Latest revision as of 12:30, 28 May 2023

Problem

How many subsets of $\{2,3,4,5,6,7,8,9\}$ contain at least one prime number?

$\textbf{(A)} \text{ 128} \qquad \textbf{(B)} \text{ 192} \qquad \textbf{(C)} \text{ 224} \qquad \textbf{(D)} \text{ 240} \qquad \textbf{(E)} \text{ 256}$

Solution 1 - Complementary Counting

We use complementary counting, or

$\text{total - what we don't want = what we want}$.

There are a total of $2^8$ ways to create subsets (consider including or excluding each number) and there are a total of $2^4$ subsets only containing composite numbers (the composite numbers are $4, 6, 8, 9$).

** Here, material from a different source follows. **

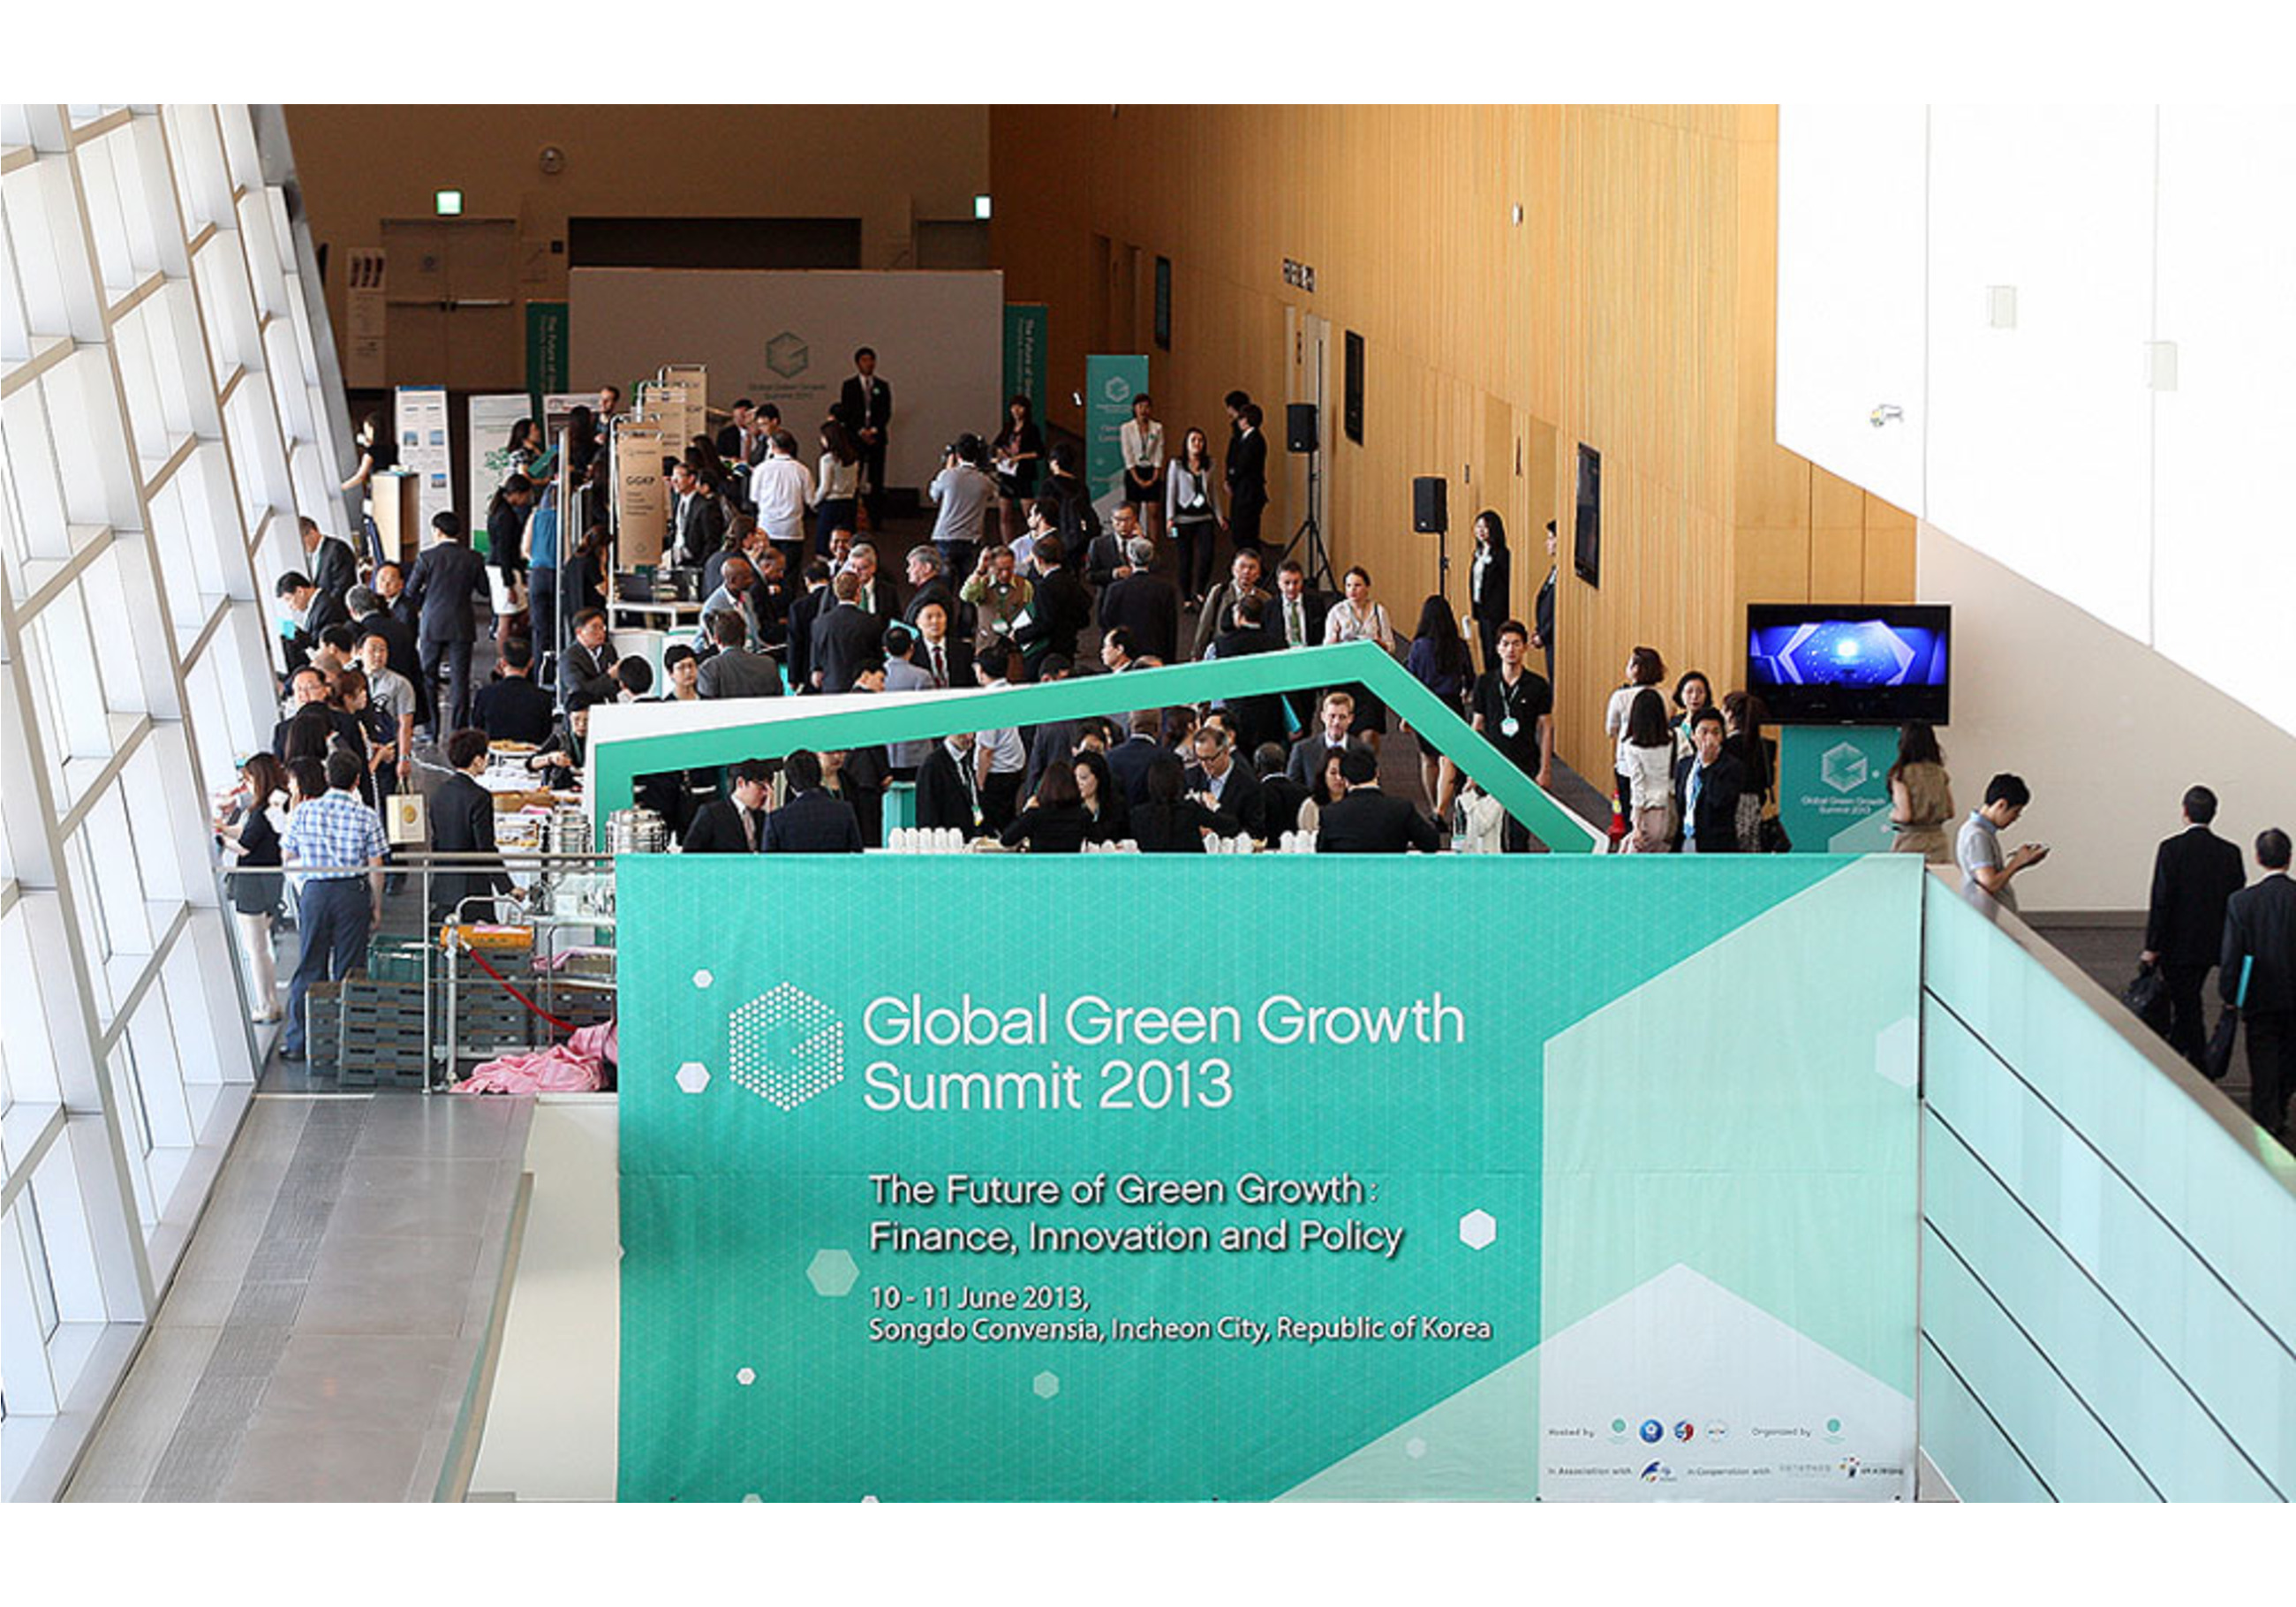 Global Green Growth Institute – New UNICC Client
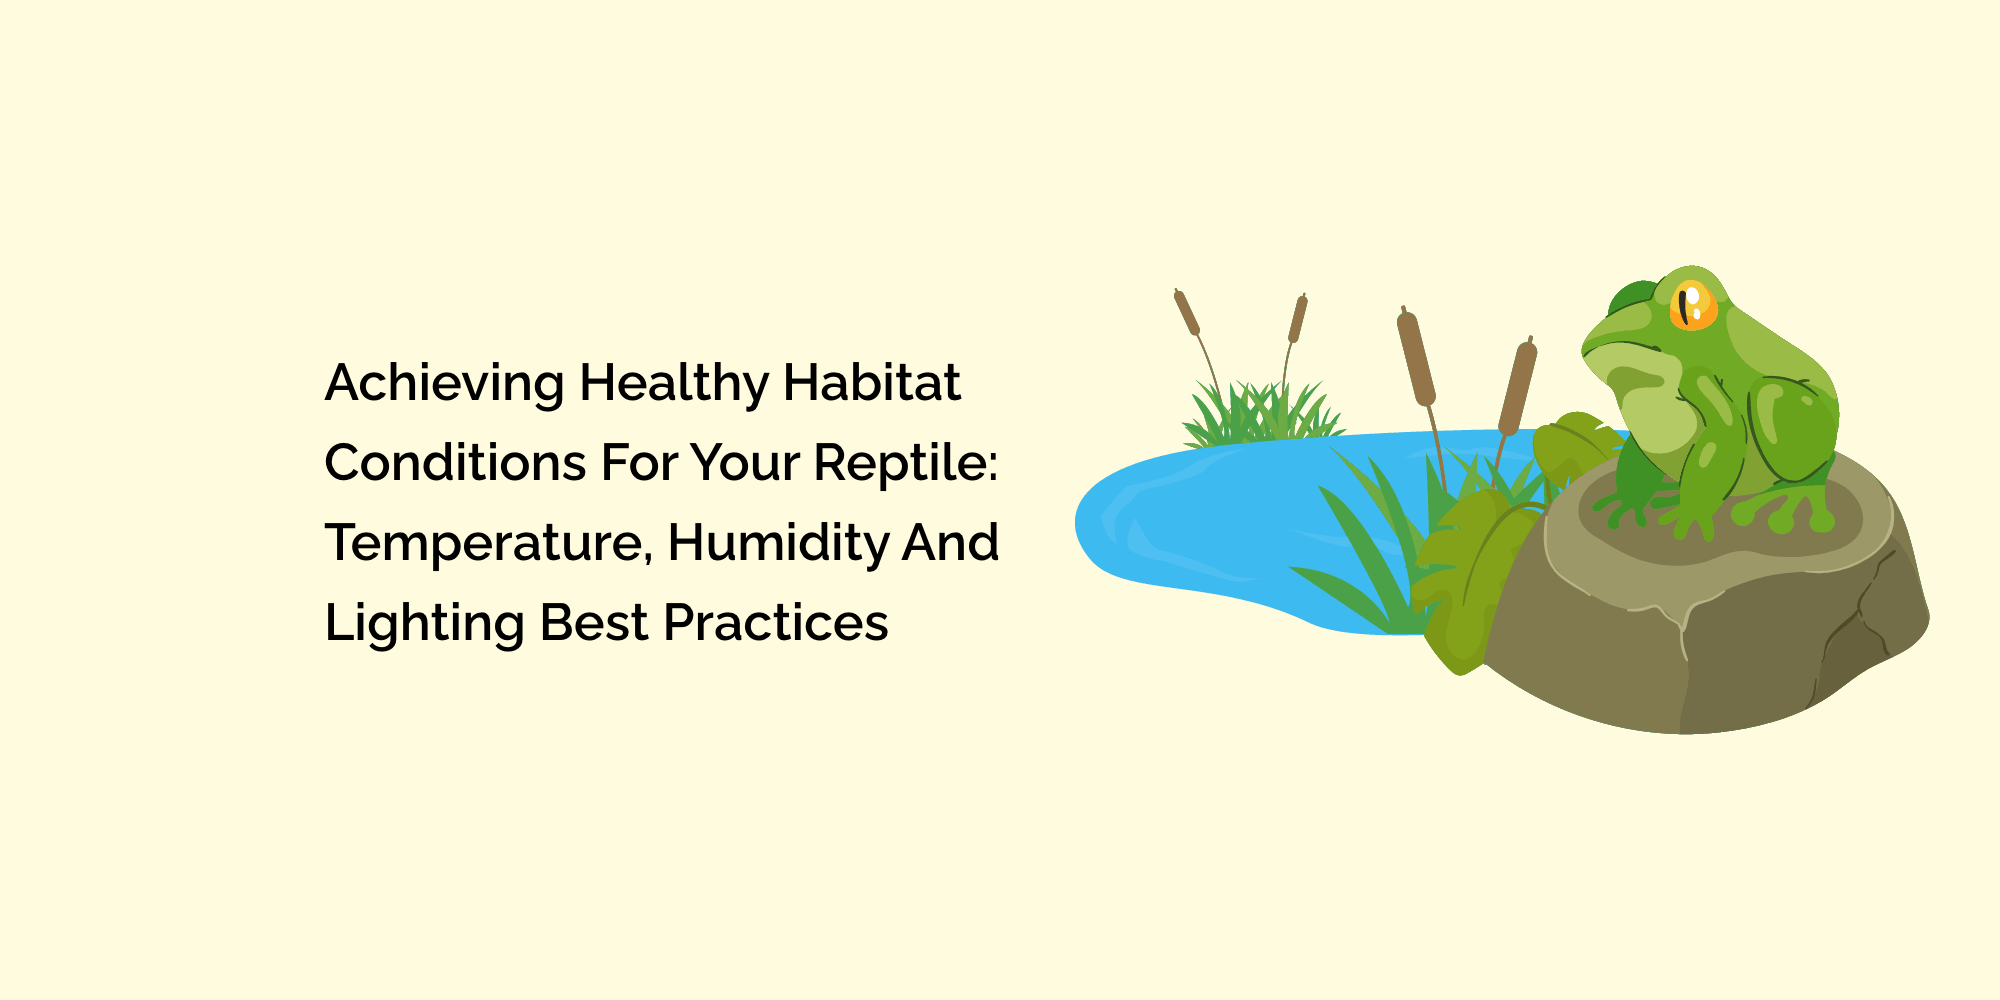 Achieving Healthy Habitat Conditions for Your Reptile: Temperature, Humidity and Lighting Best Practices

Therefore, there are $2^8-2^4=240$ total ways to have at least one prime in a subset.

Solution 2 (Using Answer Choices)

Well, there are 4 composite numbers, and you can list them in a 1 number format, a 2 number, 3 number, and a 4 number format. Now, we can use combinations.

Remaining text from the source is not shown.